Since Southern slaveowners and northern
men of property controlled the mechanisms of governance in the
nation's early years, they saw no need to muscle up the corporation-a
tool of kings with which they had direct experience. These men
who were doing very well did not want rival ruling power controlled
by others, like the East India Company, to arise in their midst.
So their state legislators wrote corporate charters-and then state
corporation laws-limiting how long corporations could exist and
limiting their real property and capital holdings. Laws in all
states specified corporate purpose, banned corporations from owning
other corporations, preserved rights of minority shareholders,
made directors and shareholders liable for corporate debts and
harms, and barred corporate involvement in elections and lobbying.
The culture regarded corporations as subordinate
to the sovereign people.
After the Civil War, however, the men
setting out to industrialize this land with machines and workers
without rights made the corporation their ruling institution.
caption under a New York Times Corporation photograph (1999)
Depression-Era Rules Undone. Alan Greenspan,
the Federal Reserve Chairman, and Congressional leaders applauded
President Clinton yesterday after he signed the Financial Services
Modernization Act, which allows merging of banks, securities firms
and insurers. It repeals parts of the Glass-Steagall Act.
In the past century, the limited liability corporation became
the most powerful institution in the world, both politically and
economically and increasingly on the cultural level as well. Corporations
accumulate wealth and exercise power through alliances with other
corporations and through relationships with local, national, and
international government officials.
The World Trade Organization (WTO), with
its explicit jurisdiction superceding national laws, has recently
provided a focal point and raised the public's awareness of the
concentration of political and economic power in the hands of
fewer and fewer people. Multilateral financial institutions like
the World Bank and International Monetary Fund, controlled by
the richest nations, are privatizing the economies and restructuring
the social policies of the rest of the world.
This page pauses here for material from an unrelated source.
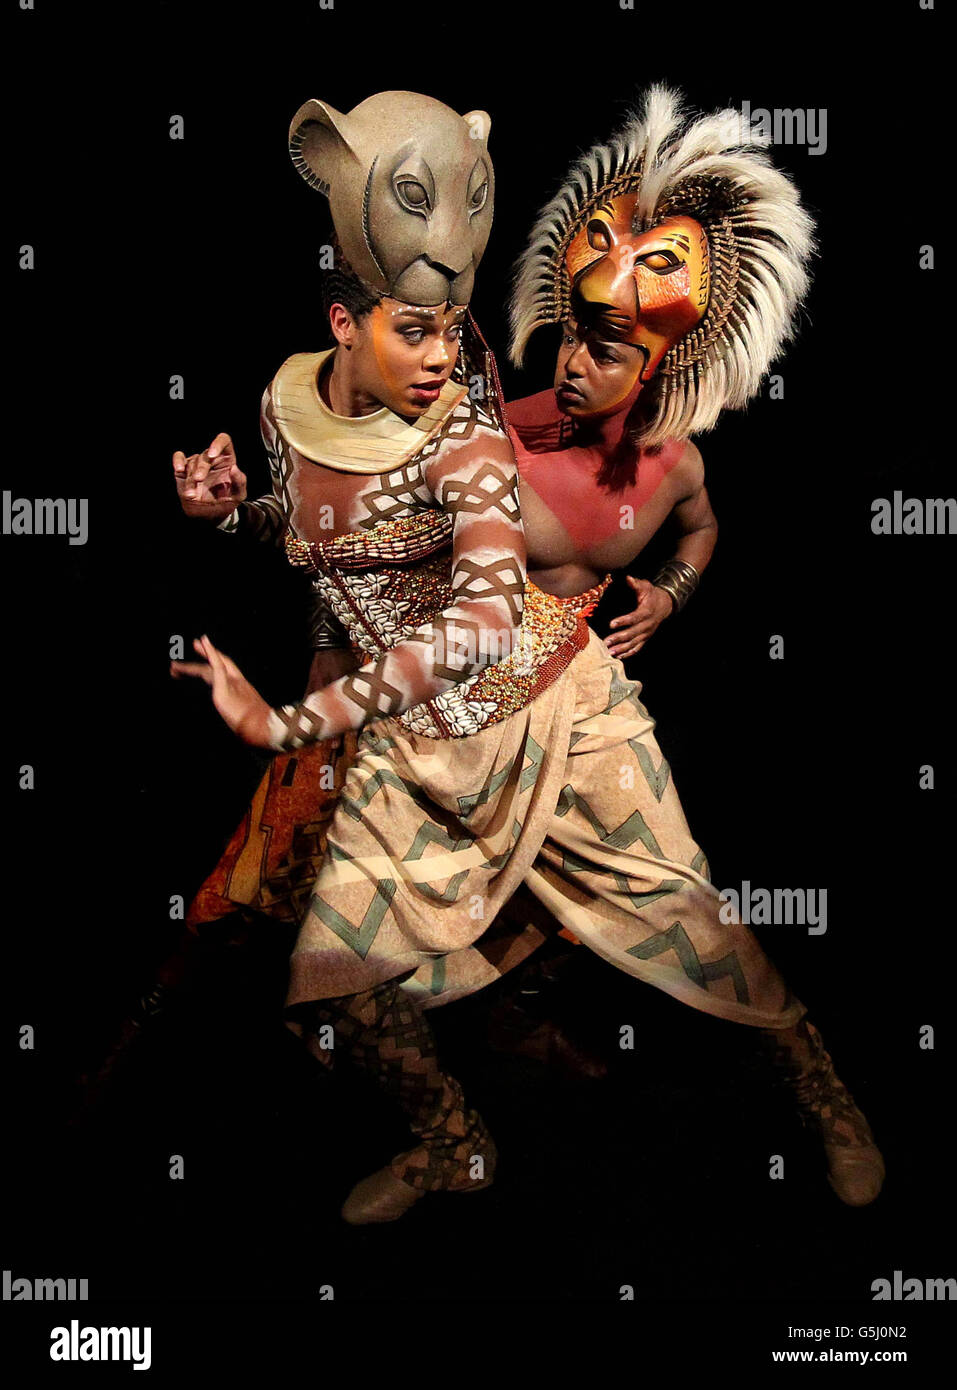 L-R Melina M'Poy (Nala) und Johnathan Andrew Hume As (Simba), aufgenommen bei der Vorstellung des Lion King Musicals im Project Arts Center in Dublin. Stockfoto

But the World Bank and the WTO are only
the more visible institutions of corporate power. Government agencies
charged with protecting public health and safety are run by executives
on loan from the corporations that are supposed to be regulated.
Corporate lobby groups write legislation and buy candidates for
political office. Corporate-driven think tanks and educators enjoy
the prestige of university appointments where corporate agendas
are developed and disseminated. Corporate foundations decide which
charities and which environmental groups will get funded. Investment
bankers control more money than the World Bank, and their unregulated
speculation in national currencies has plunged Latin America and
Asia into financial crises. Governments have become "mere
salesmen" promoting multinational corporations, which are
the "muscle and brains" of the global economy.'
The true measure of corporate power is the ability of the owners
and managers of corporations to unite to influence political agendas
and to subvert national and international law.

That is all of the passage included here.